By Our Editorial Team
First publised on 2022-12-10 02:14:10
In the results for the three elections - Gujarat, Himachal Pradesh and Municipal Corporation of Delhi (MCD), there was no single narrative. The BJP won Gujarat by creating a record and increased its seats and the vote share. In Himachal, the fight was neck to neck and in the end the Congress surged ahead to emerge victorious in 40 seats despite there being less than 1% difference in the vote share of both parties. In MCD, the AAP won more seats than the BJP and will now control the body but it was not as if AAP blew away the BJP. With 103 seats, the BJP will be a formidable opposition in the body.
The results show that the BJPs hegemony in Gujarat (it has been ruling the state for the last 27 years) is intact. In 2017, the Congress had drafted young Turks like Hardik Patel (Patidar), Jignesh Mevani (Dalit) and Alpesh Thakur (OBC) and conducted a spirited campaign to give a huge scare to the BJP by reducing its seats to just 99 and winning 77 for itself. But that campaign fell short of displacing the BJP and since then, it seems that the air had been punctured from the Congress balloon. Instead of building on the excellent show then, the party could not retain talent (Hardik and Alpesh Thakur left to join the BJP and Mevani was given no role), was mired in infighting and defections and lost the plot. This time it conducted a surprisingly low key campaign and allowed AAP to capture more than one-fourth of its voters. The division in opposition votes helped but the BJP is so strong in Gujarat that even the combined opposition vote share would not have been enough to beat it.

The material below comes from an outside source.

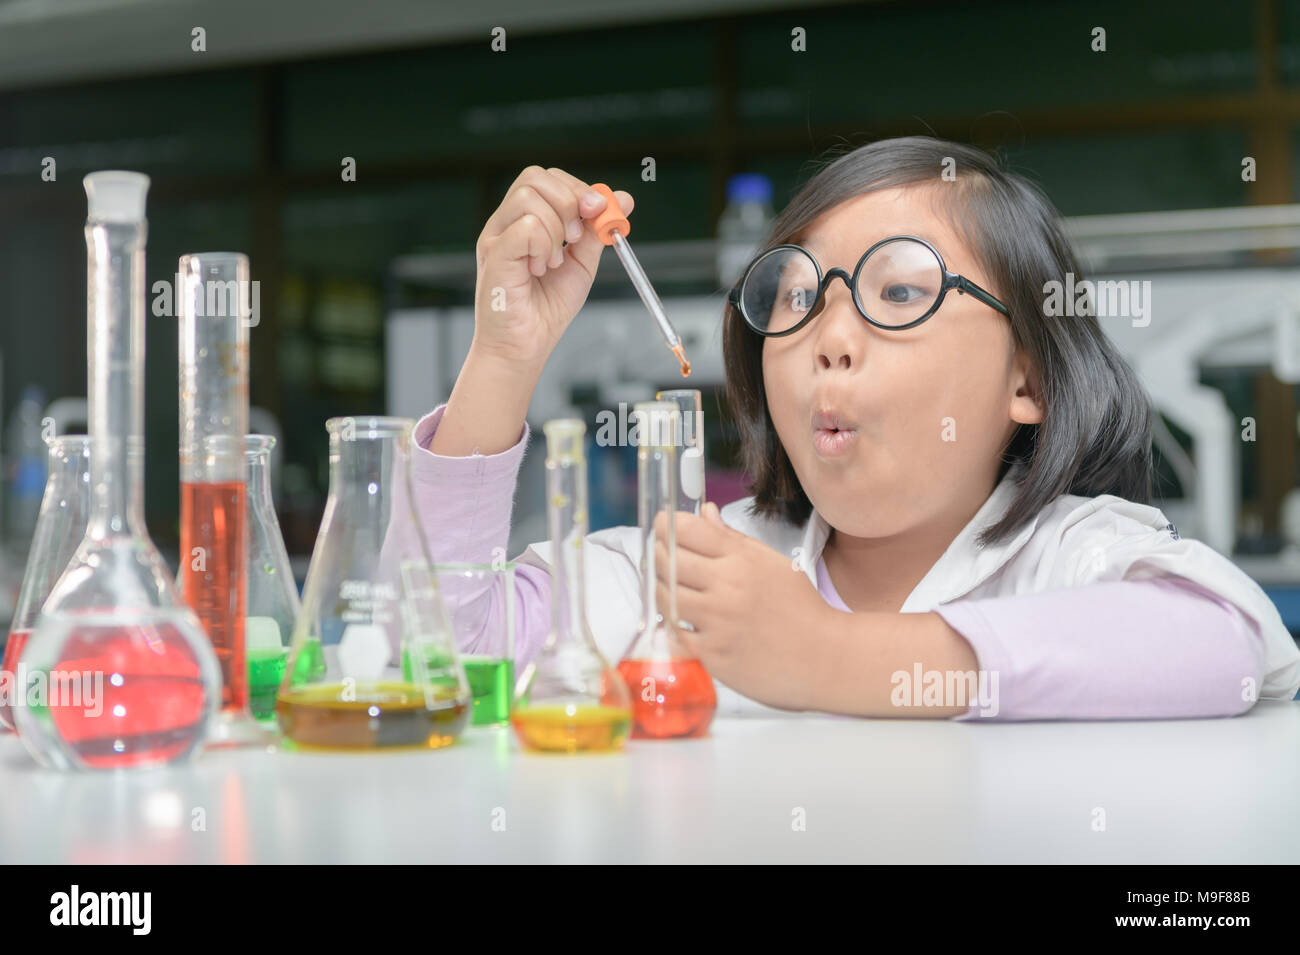 Petite fille excité in lab coat faire expérimenter avec tube à essai en  laboratoire de chimie, de la science et de l'éducation concept Photo Stock  - Alamy

In Himachal, the difference in overall vote share was just 0.9% but under the first past the post system, the Congress managed to get 40 seats and the BJP lost 19 seats from its 2017 tally of 44. This showed that there was something wrong with the famed election machinery of the BJP as it could not manage booths where it was weak. The Congress ran a spirited campaign using local leaders (mainly the family of late Virbhadra Singh) and pinned the BJP on unfulfilled promises. The BJP gave a tough fight but it got nearly 4% less votes than it got in 2017 and in the end that is what titled the scales against it.
The MCD elections showed that AAP cleverly convinced the people of Delhi about the 'double engine' government of its own and the inefficiency and corruption of the BJP-run Corporation. It used its record of efficient service delivery in Delhi and asked people to elect a councillor from the same party to get seamless services. The BJP put up a good fight as its local leaders have a good connect with the people but they were hampered by not having a local leader to match Kejriwal's charisma.
These results show that the BJP can be beaten in north India. But they also show that it is not completely down and out. In both Himachal and Delhi, its vote share is healthy. Unlike the Congress, the party learns from its defeats and uses its infrastructure and election machinery to take remedial steps, as it did in Gujarat after the scare in 2017. The opposition will have to be ready to counter that.